The constructed recombinant plasmid was transformed into E. coli BL21 (DE3), single colonies were picked and inoculated in LB medium (containing ampicillin 50mg / L), cultured at 37 ° C overnight, 2% inoculation amount was transferred to 5ml LB medium, Incubate until OD600≤0.5, then transfer to 150ml LB (containing ampicillin 50mg / L) by 1%. When OD600 = 0.5-1.0, induce by IPTG (ImM). Continue incubating for about 3 hours. Centrifuge to collect The bacterial cells, ultrasonically disrupted the bacterial cells, and after high-speed centrifugation, it was found that CLG protein with high expression appeared in both the supernatant and the pellet (Figure 5). The molecular weight of CLG protein is 100kDa, which is consistent with the predicted molecular weight.

Claims

Claim

An isolated human CLG protein, characterized in that it comprises: a polypeptide having the amino acid sequence of SEQ ID NO: 2; or a conservative variant polypeptide thereof, or an active fragment thereof, or an active derivative thereof.

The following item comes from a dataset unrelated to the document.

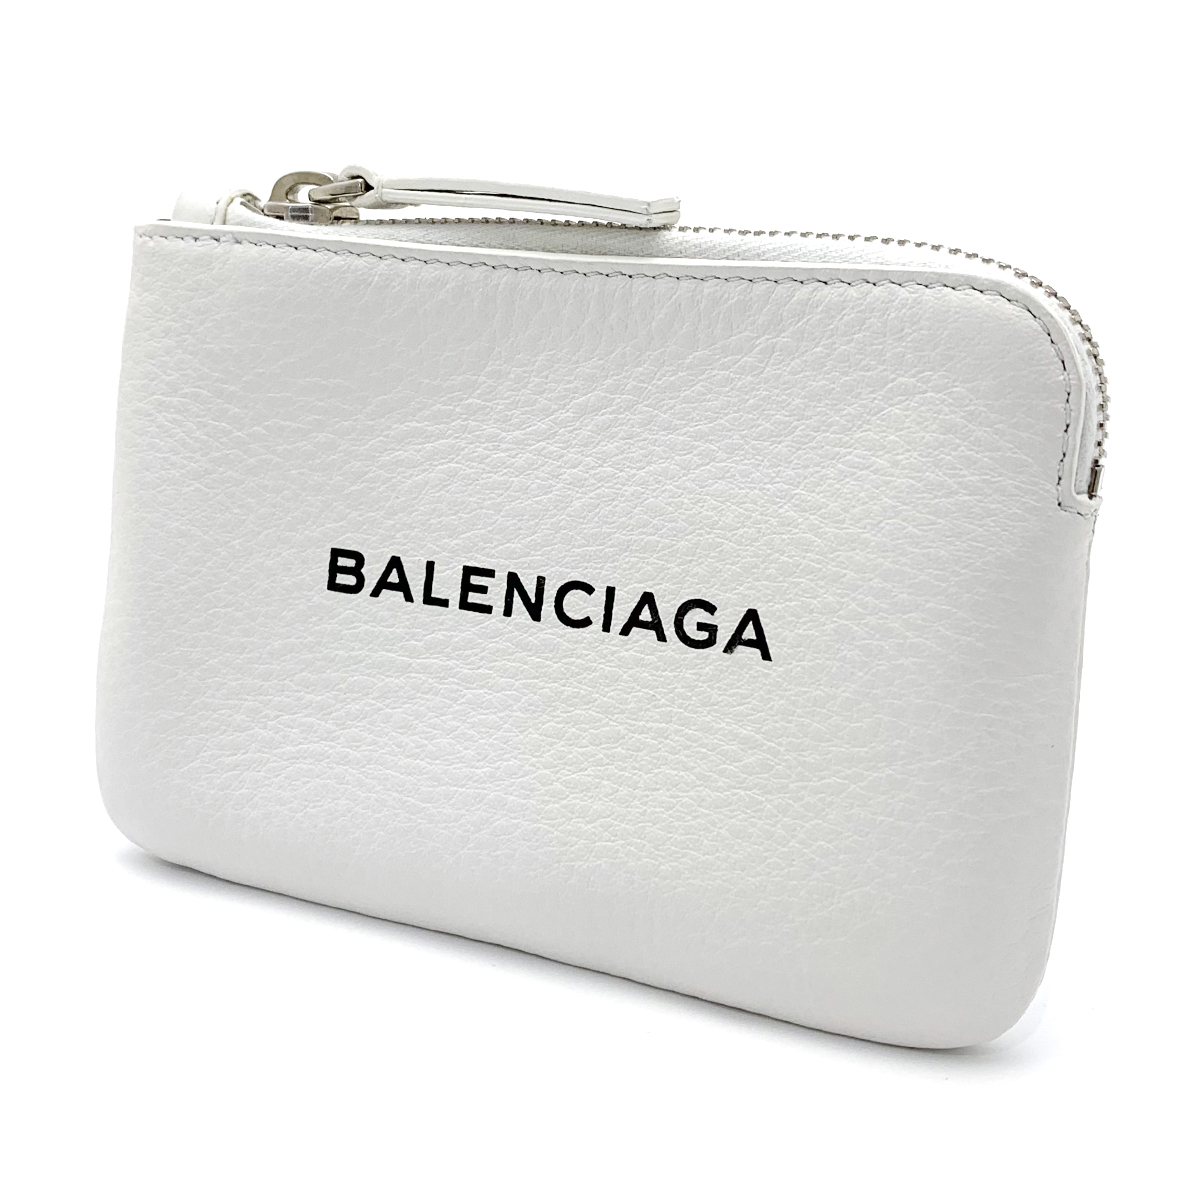 バレンシアガ(BALENCIAGA) エブリデイ コインケース 492464 レザー ホワイト ミニポーチ 保存袋

The polypeptide according to claim 1, wherein the polypeptide comprises the amino acid sequence of SEQ ID NO: 2.

3. An isolated polynucleotide, characterized in that it comprises a nucleotide sequence that is at least 85% identical to a nucleotide sequence selected from the group consisting of:

(a) a polynucleotide encoding a polypeptide according to claims 1 and 2;

(b) A polynucleotide complementary to the polynucleotide (a).

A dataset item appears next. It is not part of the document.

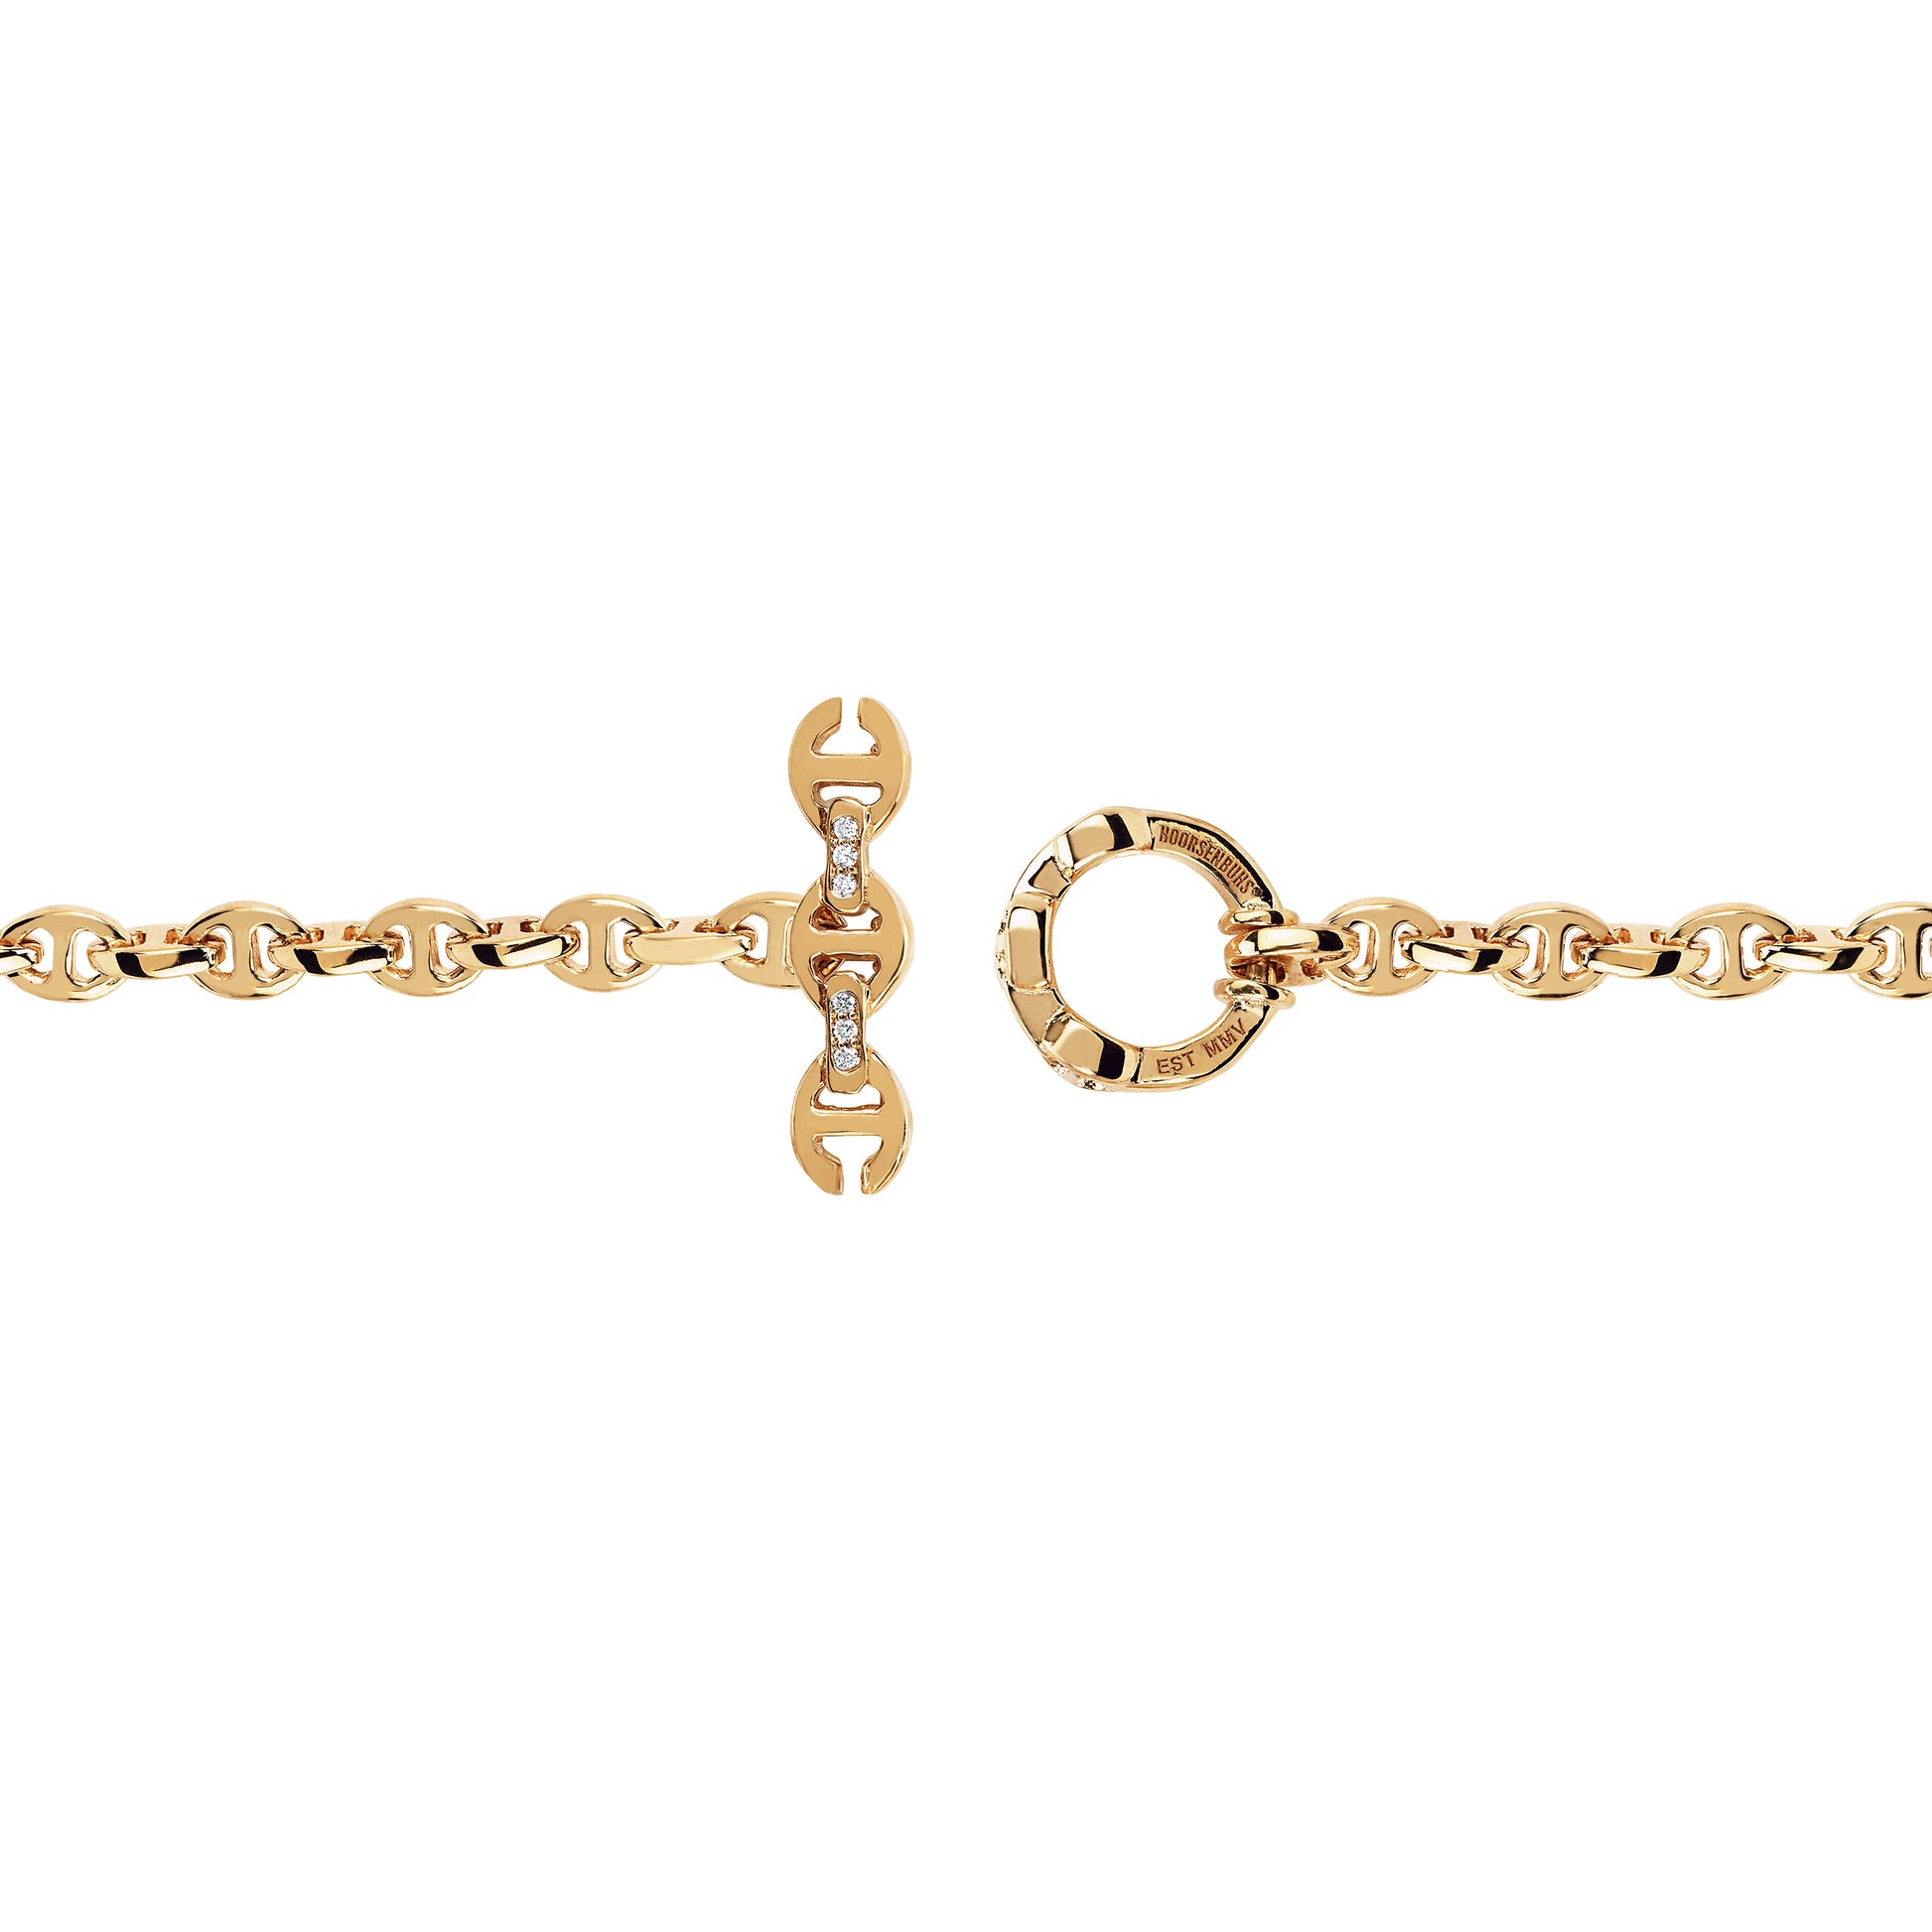 Hoorsenbuhs | 3mm Open-Link Monogram Bracelet 7 / 18K Rose Gold

The polynucleotide according to claim 3, wherein the polypeptide encoded by the polynucleotide has SEQ ID

Amino acid sequence of NO: 2.

The polynucleotide according to claim 3, wherein the sequence of the polynucleotide is selected from the group consisting of the coding region sequence at positions 22-2258 in SEQ ID NO: 3, or the entire position at positions 1-2659 Long sequence.

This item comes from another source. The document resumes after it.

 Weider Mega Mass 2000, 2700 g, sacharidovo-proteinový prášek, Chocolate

6. A vector comprising the polynucleotide according to claim 3.

7. A genetically engineered host cell, characterized in that it is a host cell selected from the group consisting of:

(a) a host cell transformed or transduced with the vector of claim 6;

(b) a host cell transformed or transduced with the polynucleotide of claim 3.

A method for preparing a polypeptide having human CLG protein activity, comprising: (a) culturing the host cell according to claim 7 under conditions suitable for expressing human CLG protein;

(b) A polypeptide having human CLG protein activity is isolated from the culture.

An antibody capable of specifically binding to the human CLG protein according to claim 1.

10. A pharmaceutical composition, characterized in that it contains a safe and effective amount of the polypeptide of claim 1 and a pharmaceutically acceptable carrier.